When myths and stories contradict, the ones that persist aren’t the ones that are right. The ones that people remember and share persist.
I’m writing about it after reading this quote from E. O. Wilson:
Creation stories gave the members of each tribe an explanation for their existence. It made them feel loved and protected above all other tribes. In return, their gods demanded absolute belief and obedience. And rightly so. The creation myth was the essential bond that held the tribe together. It provided its believers with a unique identity, commanded their fidelity, strengthened order, vouchsafed law, encouraged valor and sacrifice, and offered meaning tot he cycles of life and death. No tribe could long survive without the meaning of its existence defined by a creation story. The option was to weaken, dissolve, and die. In the early history of each tribe, the myth therefore had to be set in stone.

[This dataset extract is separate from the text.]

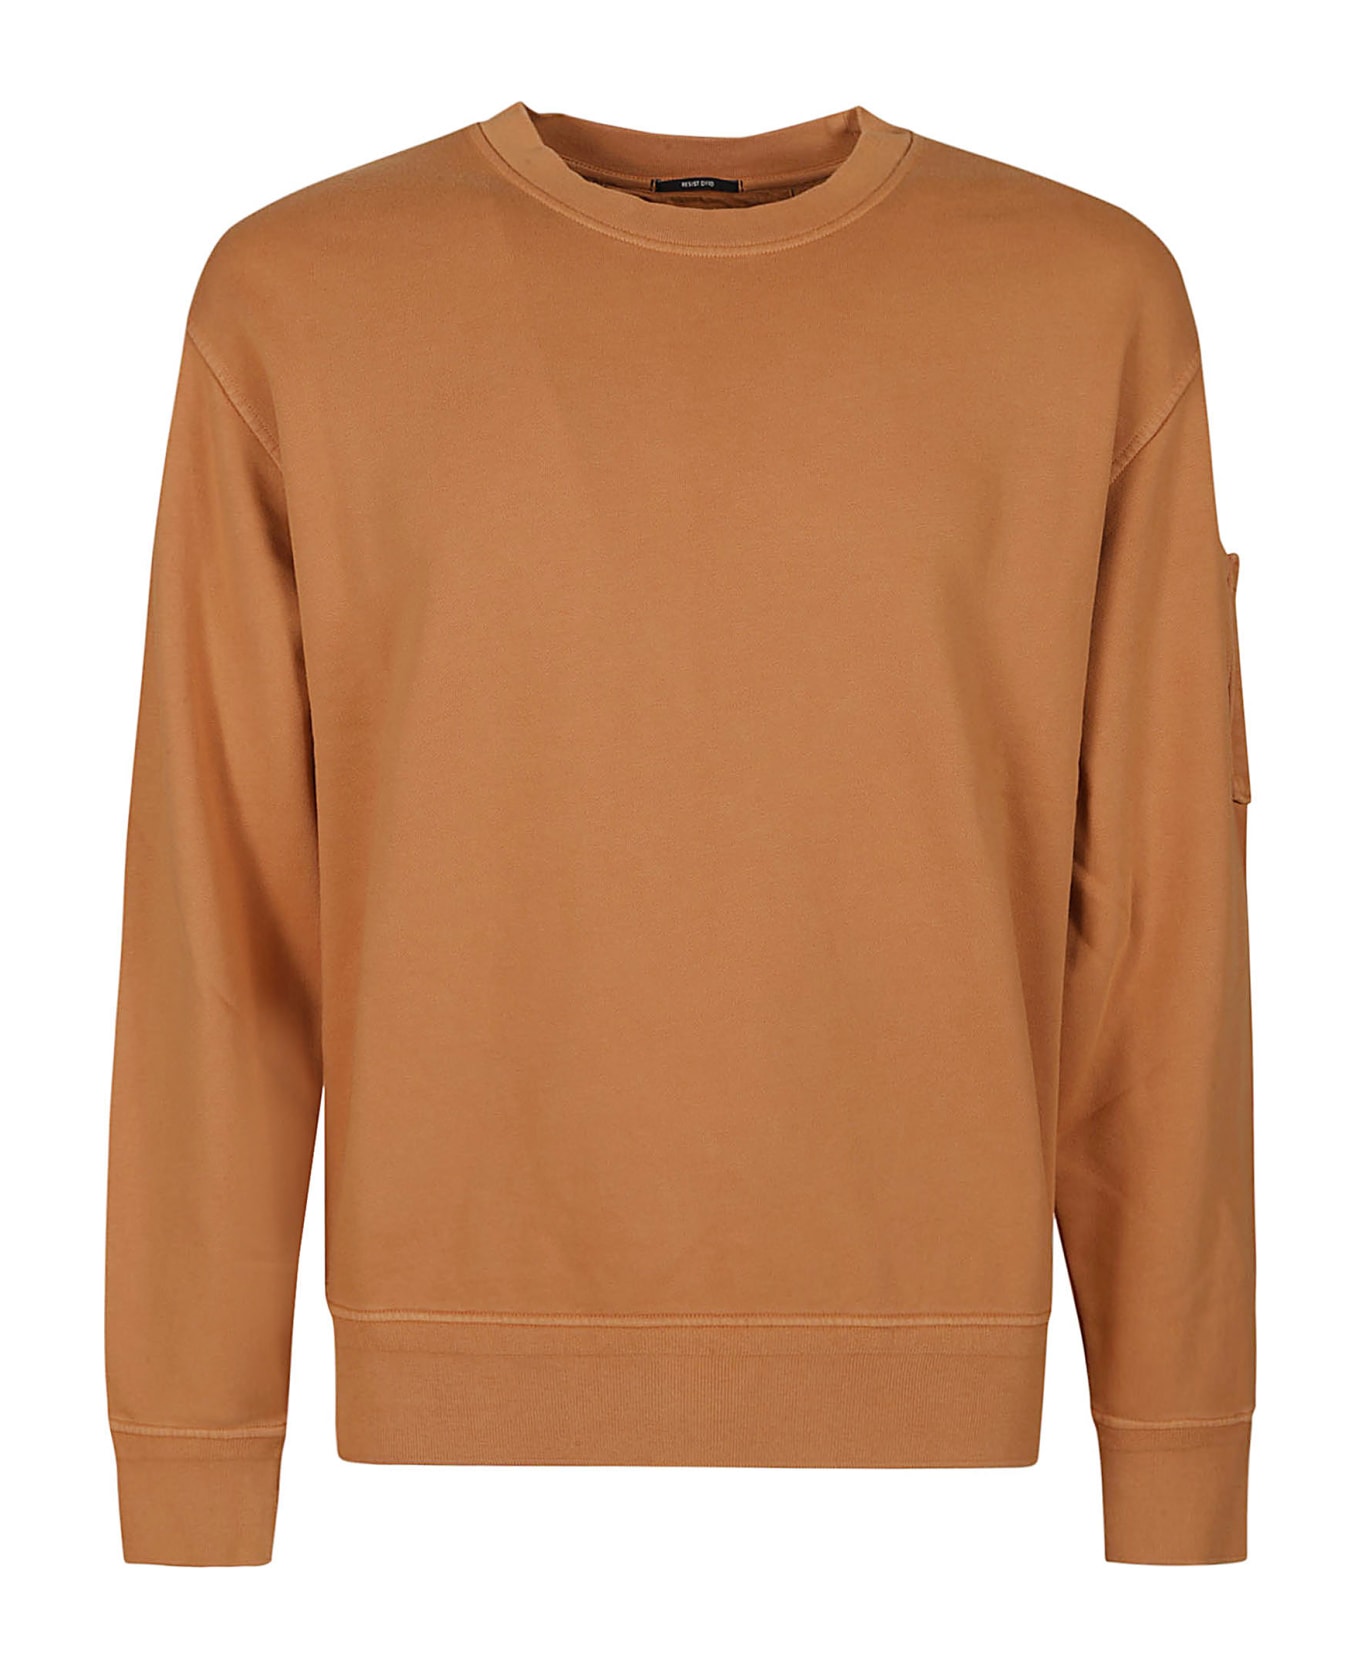 C.P. Company Diagonal Fleece Sweatshirt - PASTRY SHELL フリース
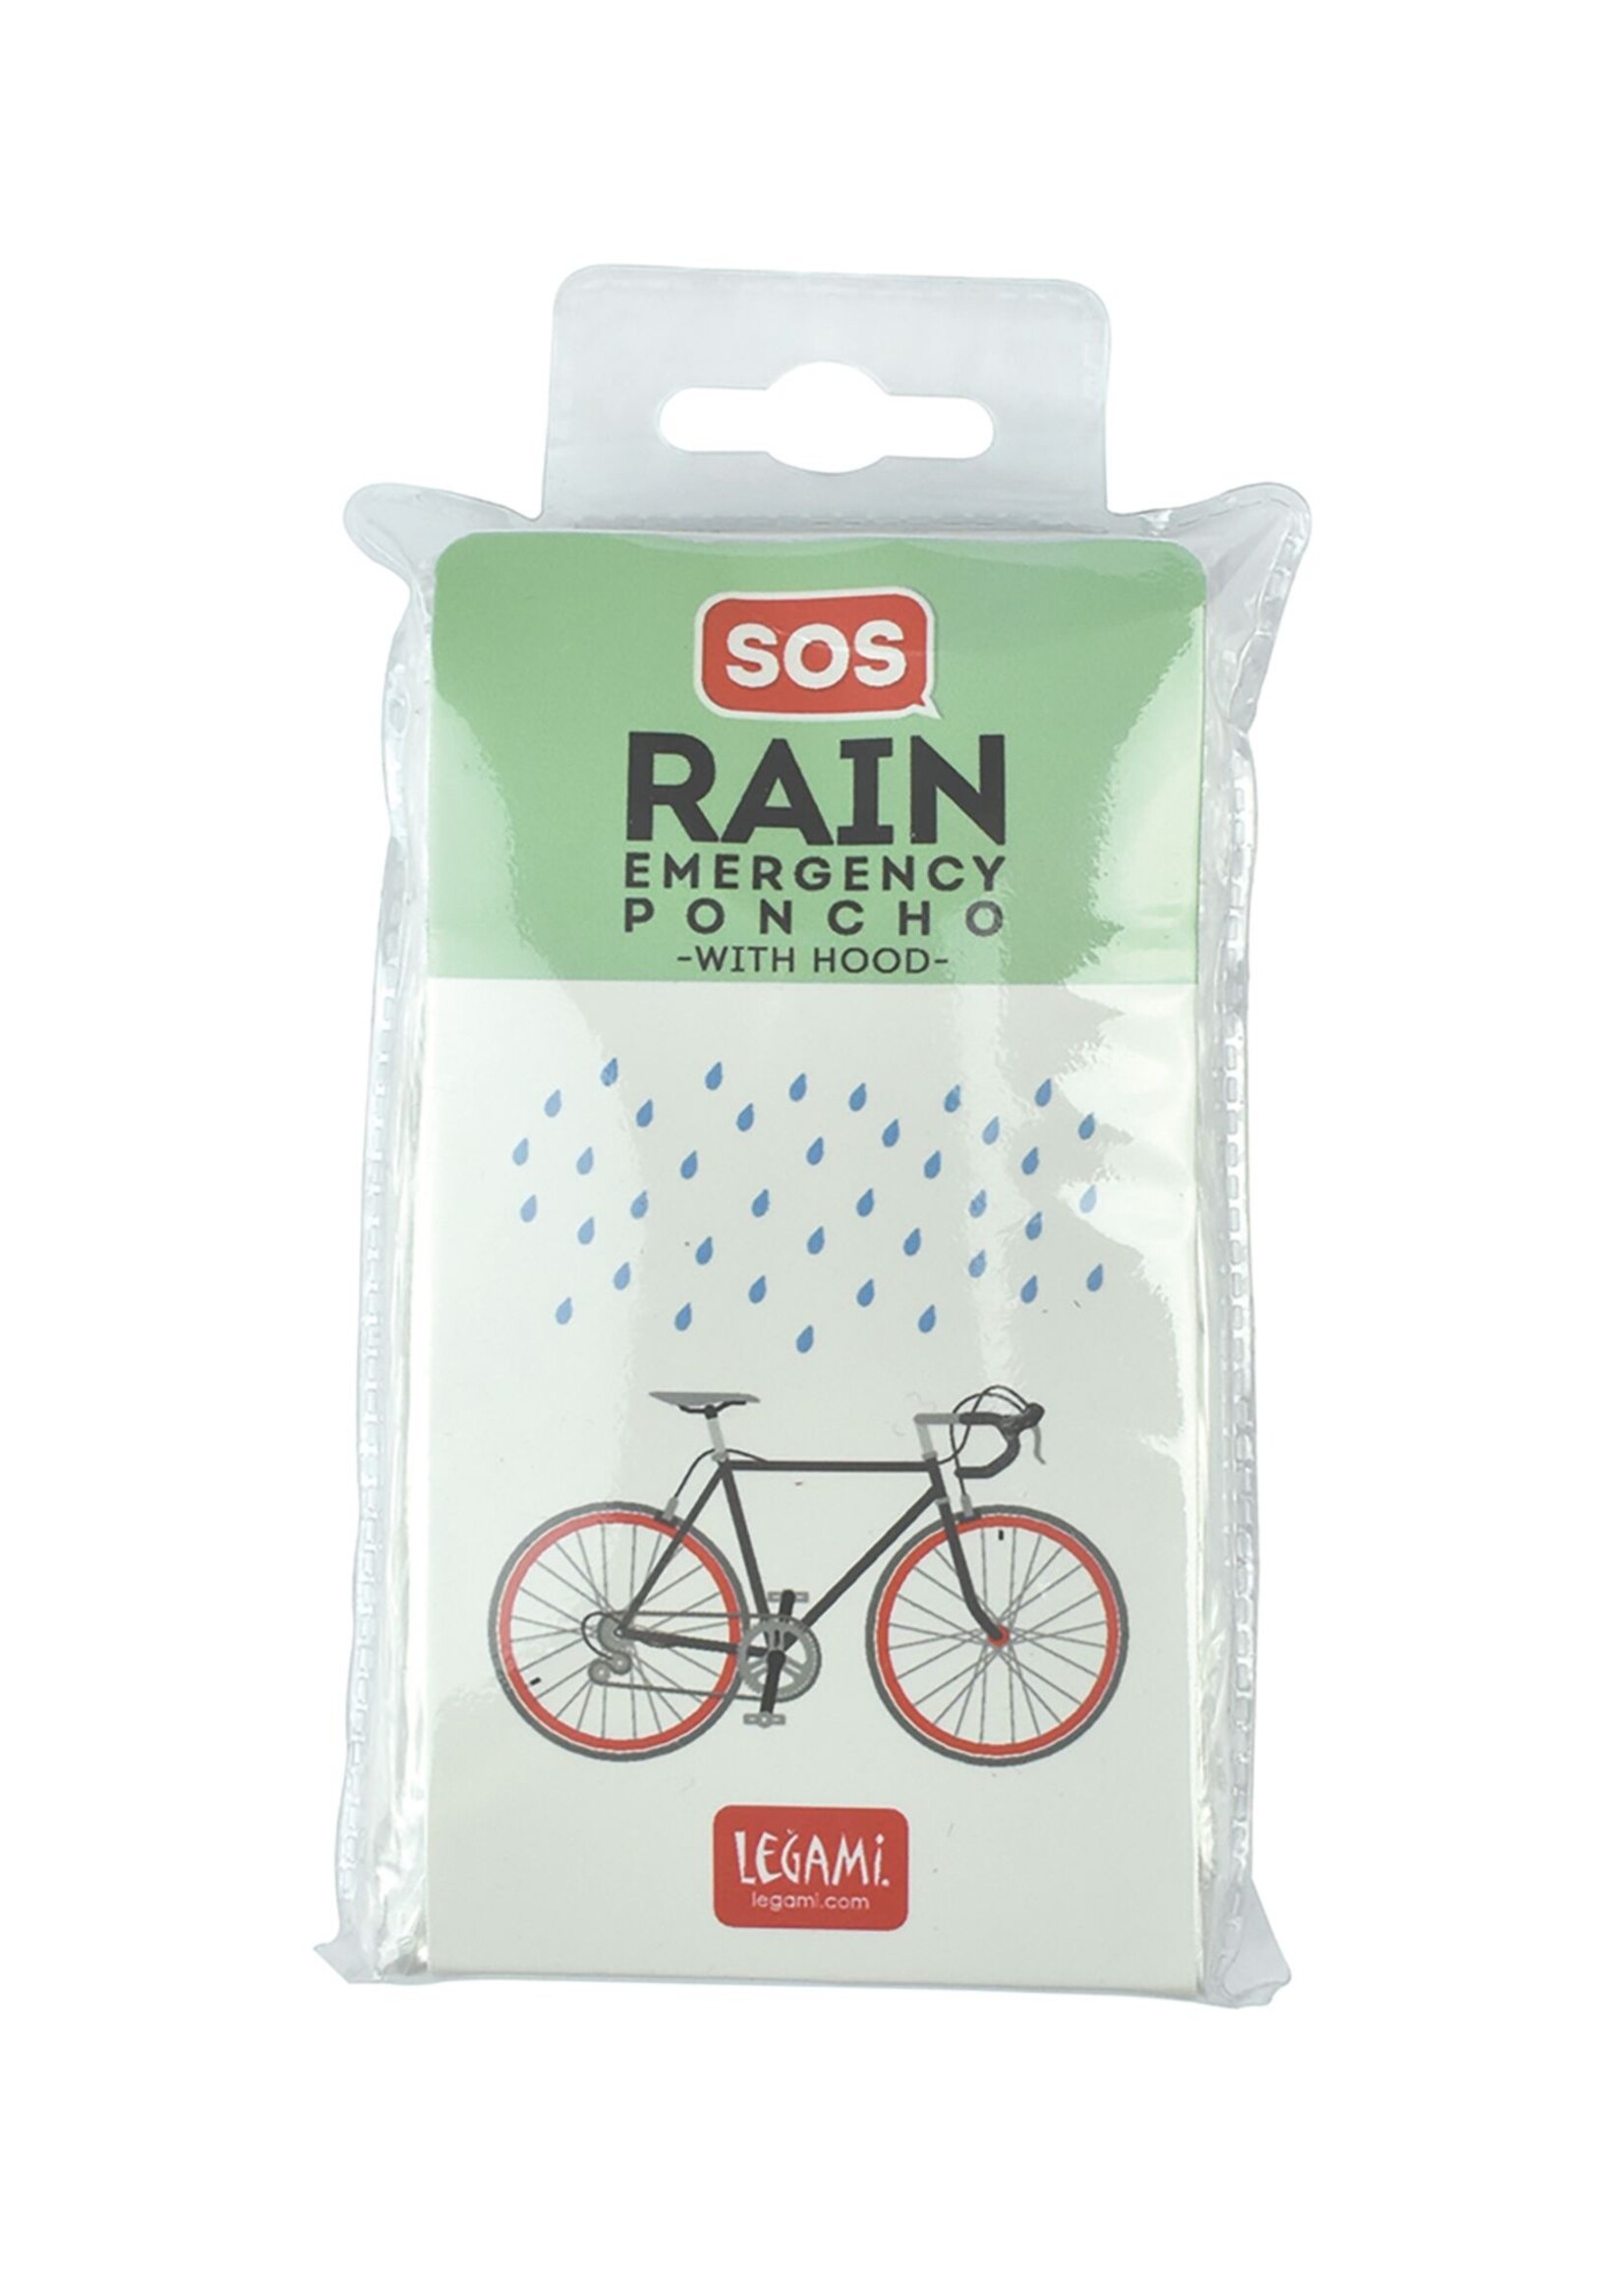 LEGAMI Einweg-Regenponcho mit Kapuze - Sos Rain - Transparent

The message “be fruitful and multiply” is contained within a set of stories that tell people they’re great, better than everyone else, and so on. If you believe we’ve overpopulated the world, you may consider a scientific message about carrying capacities and potential suffering accurate, but I doubt it will stick or spread.
Podcast guest Mechai Viravaidya created effective messages and stories about contraception in Thailand. He innovated stories and practices that created stories that engaged people to use contraception. The Population Media Center, headed by podcast guest Bill Ryerson, does it too. I recommend looking both up. My resource page links to them.
Mostly when I hear environmentalists talk, they don’t tell stories at all. What they tell tends to sound judgmental, logical (meaning it provokes debate), self-righteous, and other things that don’t engage. They evoke emotions of defensiveness, anxiety, hopelessness, helplessness, argument, and such.
I believe I’m putting effective stories my upcoming book. I think some podcast guest stories of people acting in stewardship for the first time and enjoying the experience make effective stories.
We who are working on environmental stewardship have to come up with more effective stories if we want to influence people’s behavior.